Move intended to help prevent Ruby packages from being used in supply chain attacks
RubyGems has become the latest code repository to require multi-factor authentication (MFA) for some of its largest publishers.
The package manager has started alerting the maintainers of gems with more than 165 million downloads via the RubyGems command-line tool and website, recommending that they enable MFA on their accounts.
While it’s currently just a recommendation, MFA will be enforced on these 100-odd accounts on August 15.
Securing the supply chain
“The second-most common attack on software today is supply chain attacks stemming from account access being hacked or leaked,” a member of the team tells The Daily Swig. “MFA prevents almost all of these such attacks.”
Indeed, says the team, RubyGems has been affected by supply chain attacks in the past.
The plan is to expand the requirement beyond the top maintainers over the coming months.
“We’re going to watch the rollout and address any feedback we get from the community, after which time we’ll figure out how we want to move forward,” says the team.
“Responses have been positive – we’ve seen no serious pushback to date. We’re excited that so many folks are on the same page.”
Under lock and key
The new requirement follows a similar move from GitHub, which last month announced that two-factor authentication (2FA) would be made mandatory for all code contributors by the end of next year.
The Microsoft subsidiary hailed the move as “the first and most critical step toward securing the supply chain”.
NPM, too, has been working to enforce 2FA, initially for its top 100 Node.js package maintainers, but with a broader rollout already underway.

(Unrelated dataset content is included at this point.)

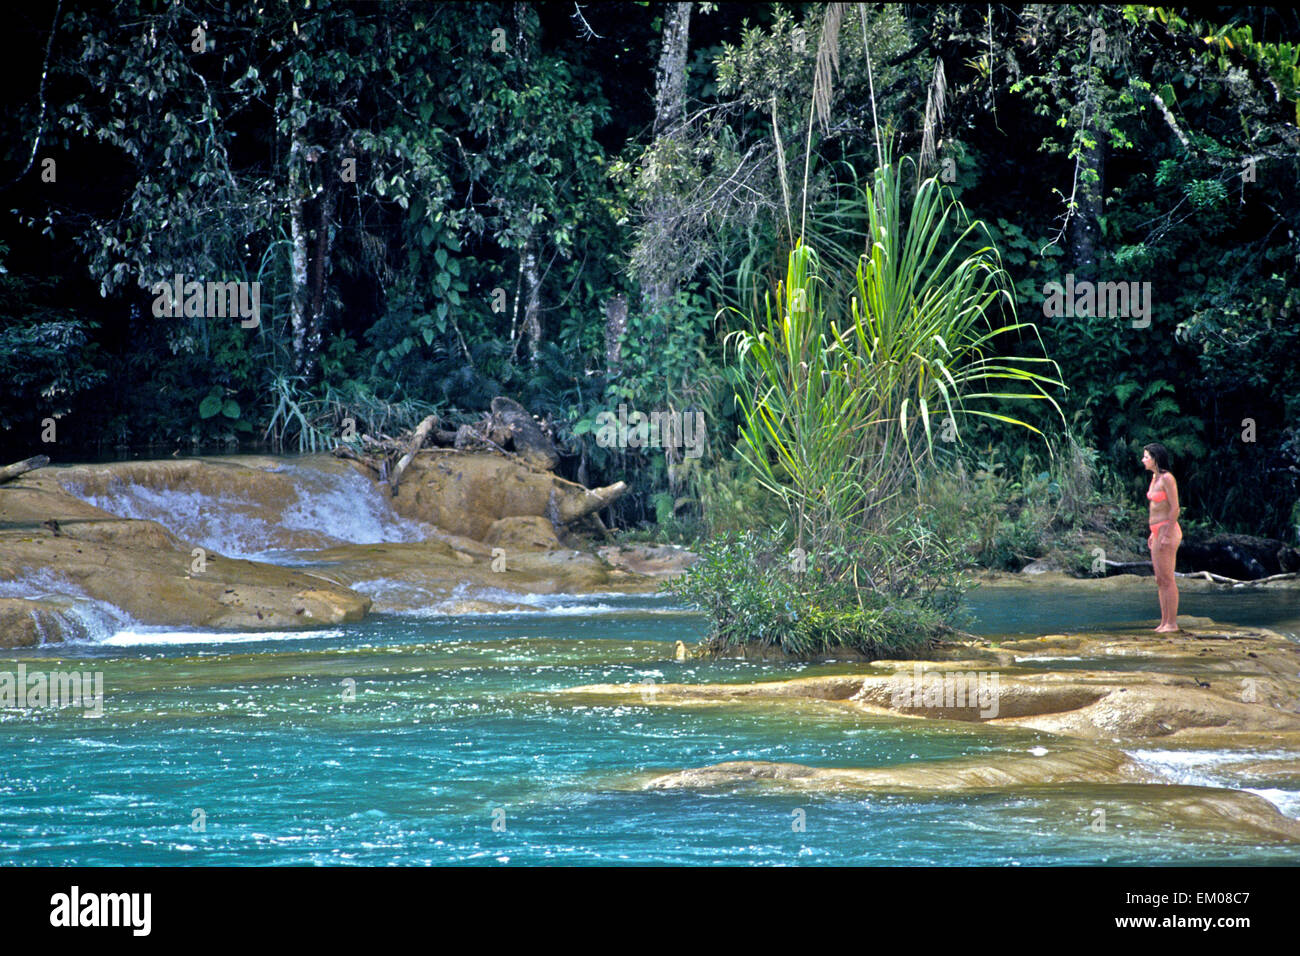 Mexiko - Aqua Azul Kaskaden in Chiapas in der Nähe von Palenque am Fluss gewählt sind ein muss für Touristen, die in den scheinbar sicheren blauen Wasser schwimmen können. Stockfoto
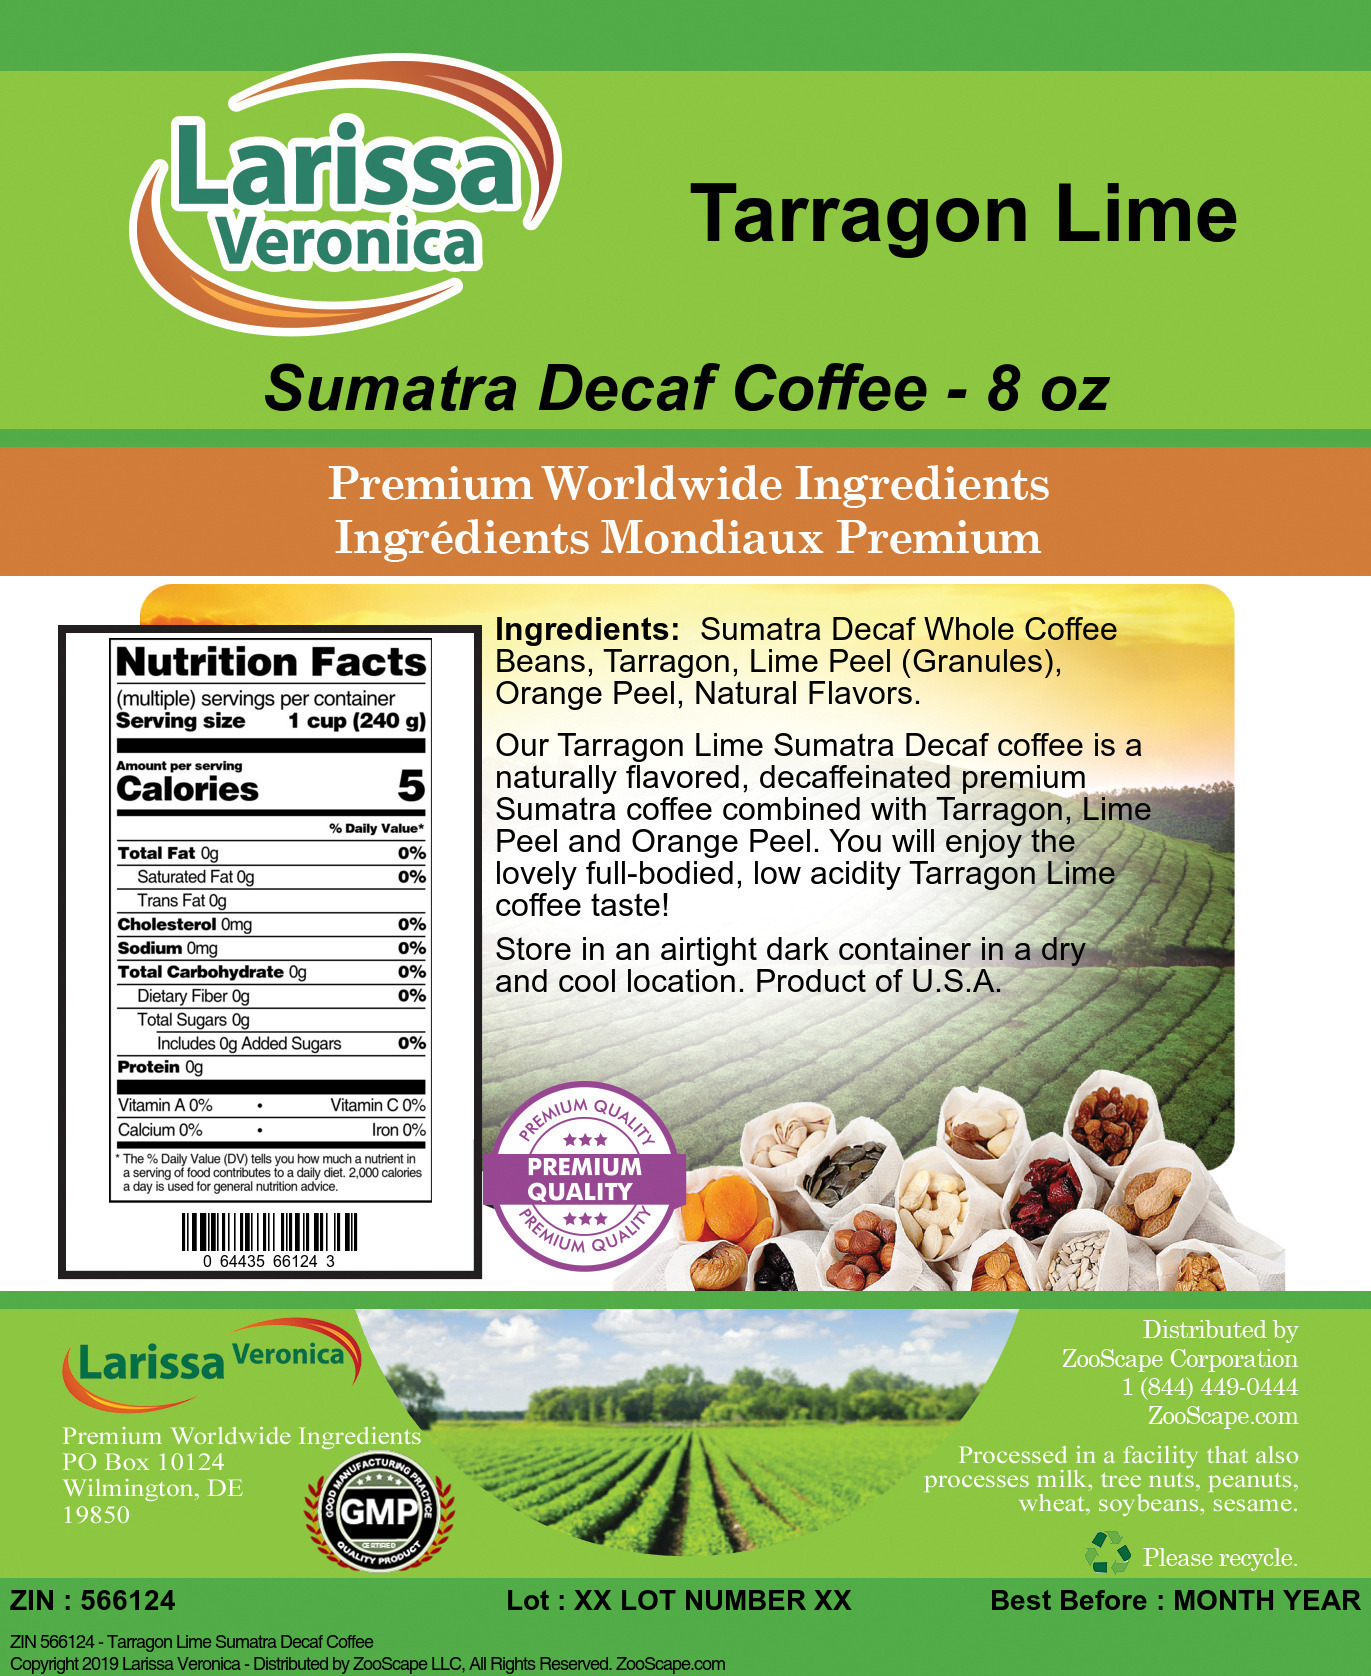 Tarragon Lime Sumatra Decaf Coffee - Label

And, says the RubyGems team member, “We are aware of other ecosystems that plan to announce similar policies in future – we don’t say who, as they are not ready to announce yet.”
However, some believe these moves do not go far enough.
“This is a minimal step in the right direction,” Jasson Casey, chief technology officer of identity management firm Beyond Identity, tells The Daily Swig.
“It can help against the simplest of attacks against developer accounts, but it’s easy enough to bypass most MFA with off-the-shelf kits like evilginx2.”
“Additionally, this does nothing to protect the integrity of authorship of source code. Finally, they should be requiring phishing-resistant MFA along with source code signing that is linked to the developer identity.”